No acampamento de verão da Tufts, as crianças estavam programando o robô --que não tem tela, mas usa blocos de madeira coloridos e um leitor de código de barras-- construindo uma sequência de blocos rotulados com comandos como "vire à direita" ou "gire".

Elas já tinham aprendido uma parte importante da sintaxe; o programa deve começar com um bloco verde "começo" e terminar com um vermelho "fim". Nico Luker, 6, decidiu testar o que aconteceria se ele escaneasse um programa sem o bloco "fim". "Não vai funcionar sem um fim", previu Noam Webber, 6. Com certeza, o robô não andou.

Kayana Szymczak/The New York Times
Amanda Sullivan (centro), pesquisadora da Tufts University, ouve Elizabeth Sheldon, 7, que segura o robô Kibo no acampamento de verão DevTech em Medford (EUA)

Enquanto isso, as crianças aprendiam trabalho em equipe, fracasso e compartilhamento. "A tecnologia pode ser um veículo para ajudar as pessoas a criar e colaborar melhor, mas no fim das contas elas precisam aprender a trabalhar com pessoas", disse Umaschi Bers.

Para começar, os professores colocam todos os materiais sobre mesas, e as crianças pegam o que elas precisam.

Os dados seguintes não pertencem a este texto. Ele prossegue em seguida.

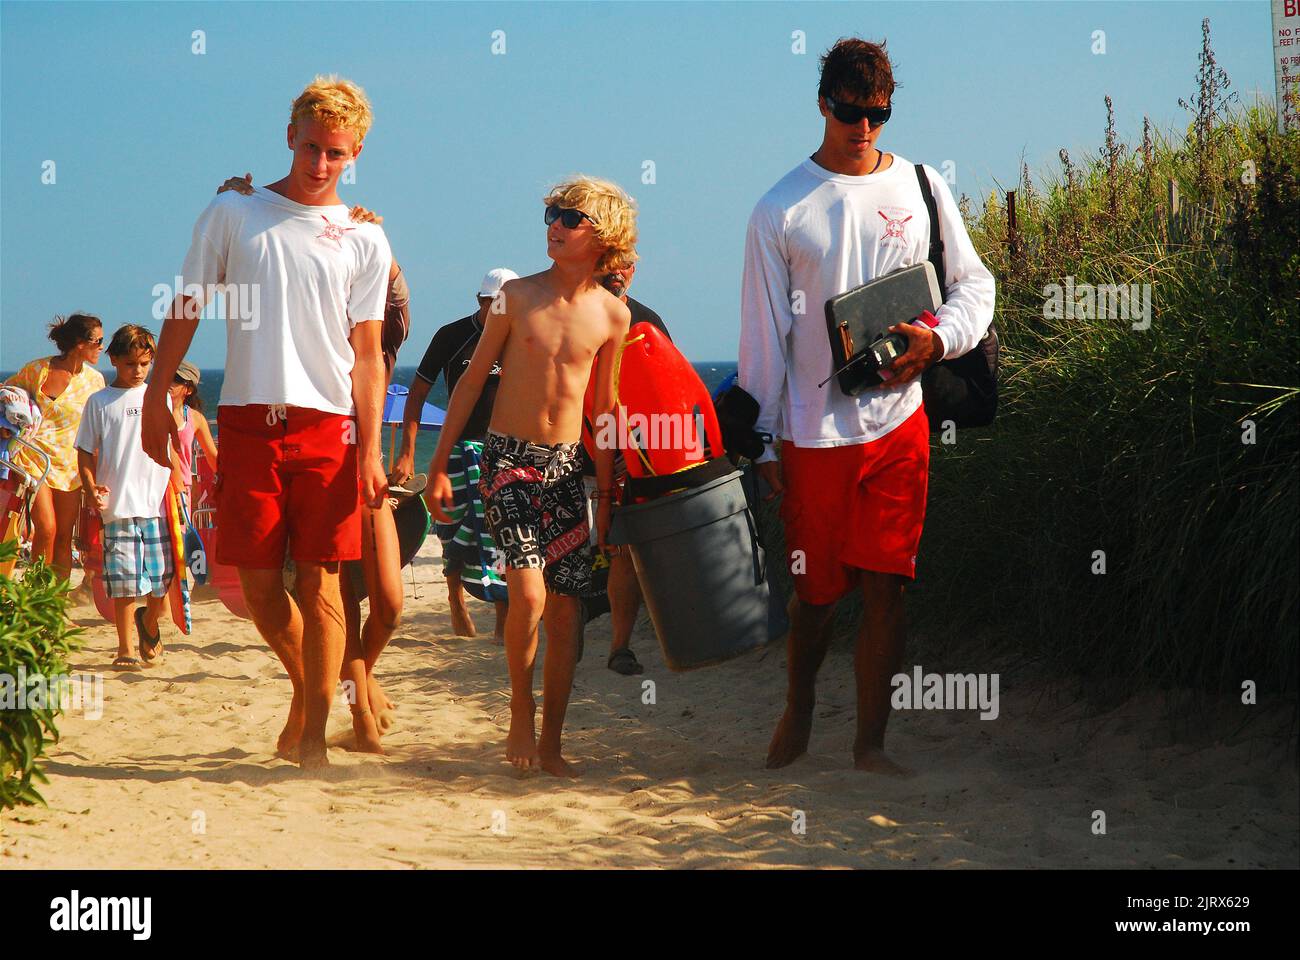 Un jeune garçon marche et parle à deux sauveteurs en quittant la plage, portant leur équipement lors d'une journée de vacances d'été à la plage Banque D'Images
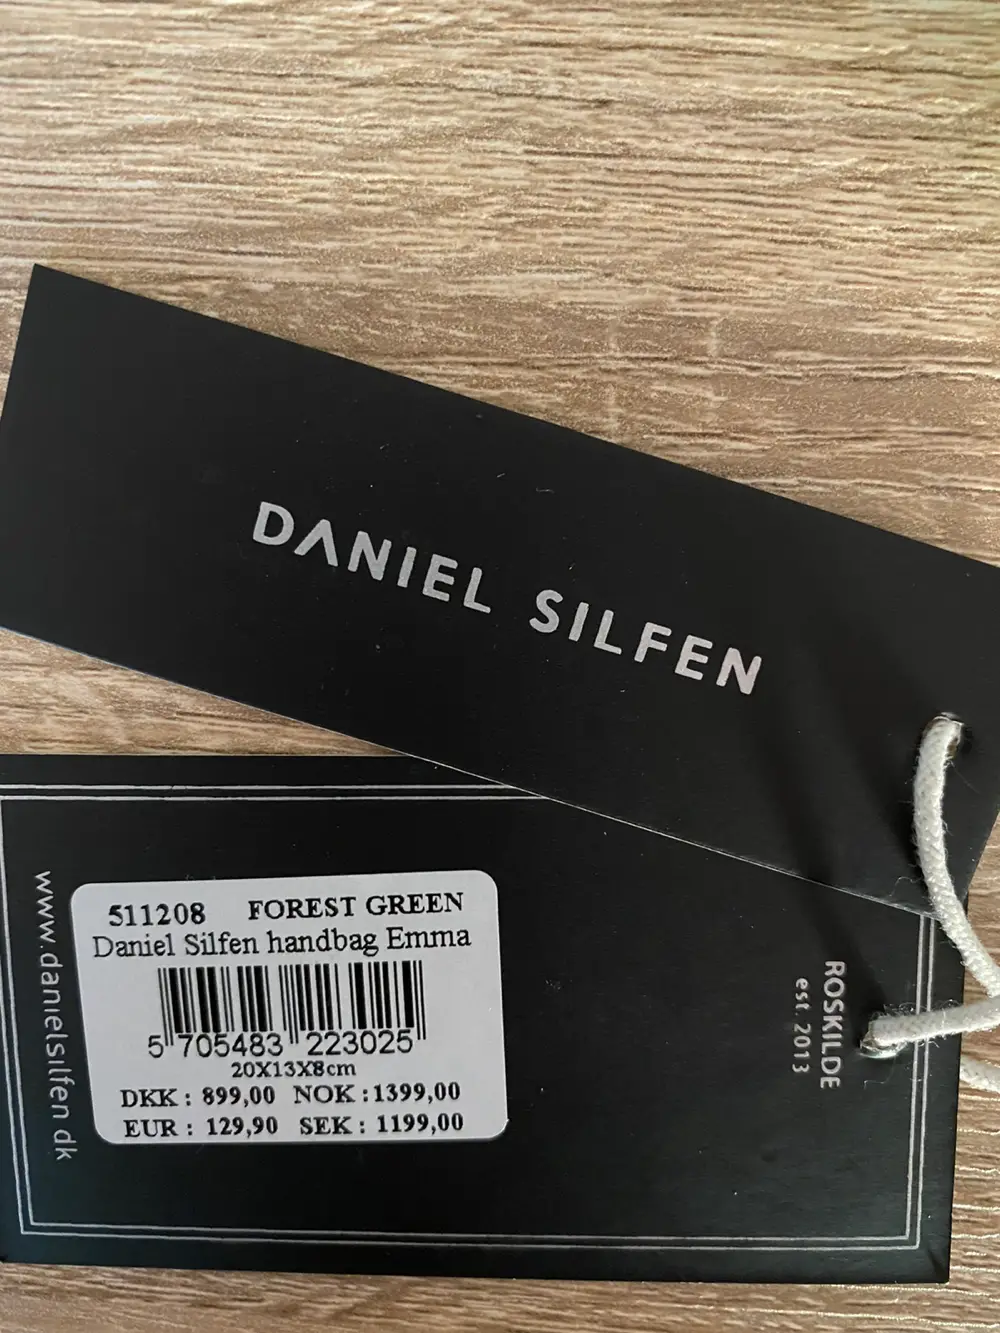 Køb Daniel Silfen i ruskind af Eva på Reshopper · Shop secondhand til børn, mor og bolig

Algumas tentam pegar tudo, provocando uma conversa sobre compartilhamento e opções éticas.

Há uma área de testes, onde as crianças recebem pontos por quantas vezes experimentam algo que falha. "Não criamos um ambiente artificial onde tudo dá certo", disse Umaschi Bers. "Nós as deixamos sentir frustração porque elas só vão aprender a administrar a frustração se a conhecerem."

Ensinar técnicas sociais e emocionais está na moda na educação hoje, mas já faz parte do ensino de alta qualidade há décadas, e testes aleatórios mostraram com o tempo que é importante para o sucesso dos adultos, segundo Stephanie Jones, uma professora de educação na Universidade Harvard que estuda desenvolvimento social e emocional.

"Se você criar e educar as crianças para serem flexíveis, solucionadoras de problemas e boas comunicadoras, elas podem se adaptar a um mundo que é novo", disse ela.

Isso é natural no modo como os pré-escolares aprendem, disse David Deming, um professor de política pública, educação e economia em Harvard. Eles se movem com flexibilidade da área de arte à área de blocos durante o recreio; eles constroem estruturas e fazem colagens; compartilham brinquedos e experimentam de novo quando fazem confusão.

Um grande desafio --e que segundo ele é essencial para preparar as crianças para um mercado de trabalho em que tarefas rotineiras e individualizadas estão sendo automatizadas-- é garantir que esse estilo de educação não se perca nas séries mais avançadas, quando os professores usam palestras e currículos padronizados.

Assim como os pré-escolares aprendem matemática operando uma loja de brincadeira, em vez de fazer planilhas, disse ele, os estudantes mais avançados devem aprender técnicas de governo encenando um Congresso, em vez de lendo um livro.

"Você está aprendendo a trabalhar em grupos e a ser criativo, e que esse problema que você enfrenta hoje parece um problema que você enfrentou em um contexto diferente um ano atrás", explicou ele. "Esse é um processo muito difícil para a inteligência artificial replicar."